Give the lines below again exactly, starting with the line that holds "TRANSFORMERS: SINS O/T" and going on through the line that holds "Lear about new beauty & wellness.".

**** Information supplied

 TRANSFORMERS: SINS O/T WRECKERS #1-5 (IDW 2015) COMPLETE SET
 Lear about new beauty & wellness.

********
**** Information supplied

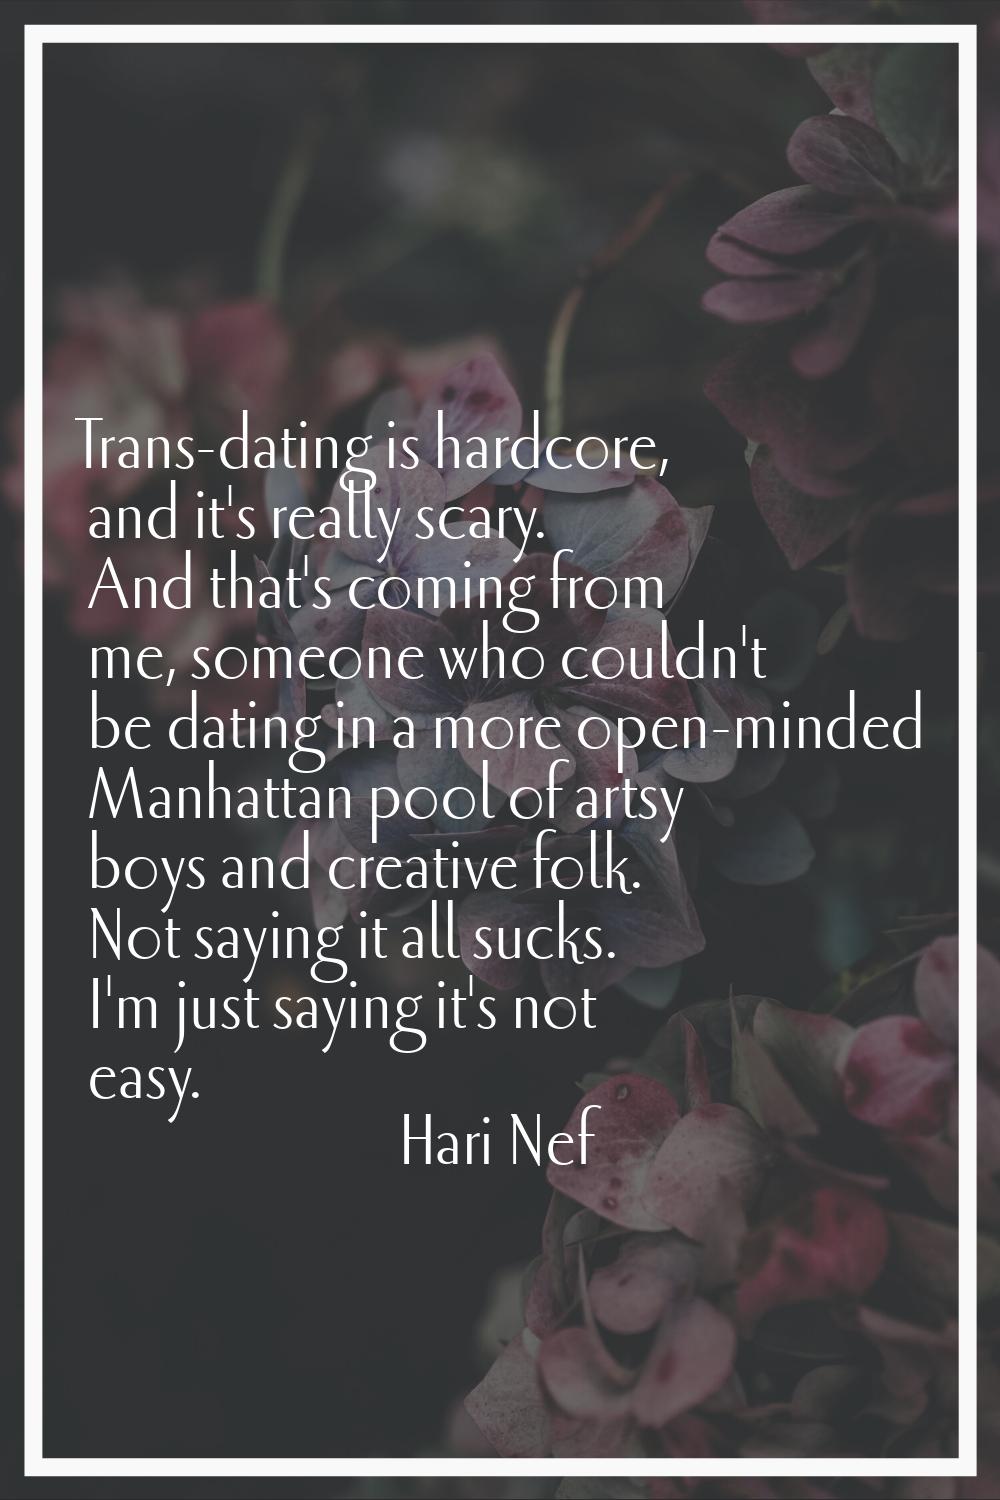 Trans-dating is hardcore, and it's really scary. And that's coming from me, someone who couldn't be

********

Solved exercise —
 TRANSFORMERS: SINS O/T WRECKERS #1-5 (IDW 2015) COMPLETE SET
 Lear about new beauty & wellness.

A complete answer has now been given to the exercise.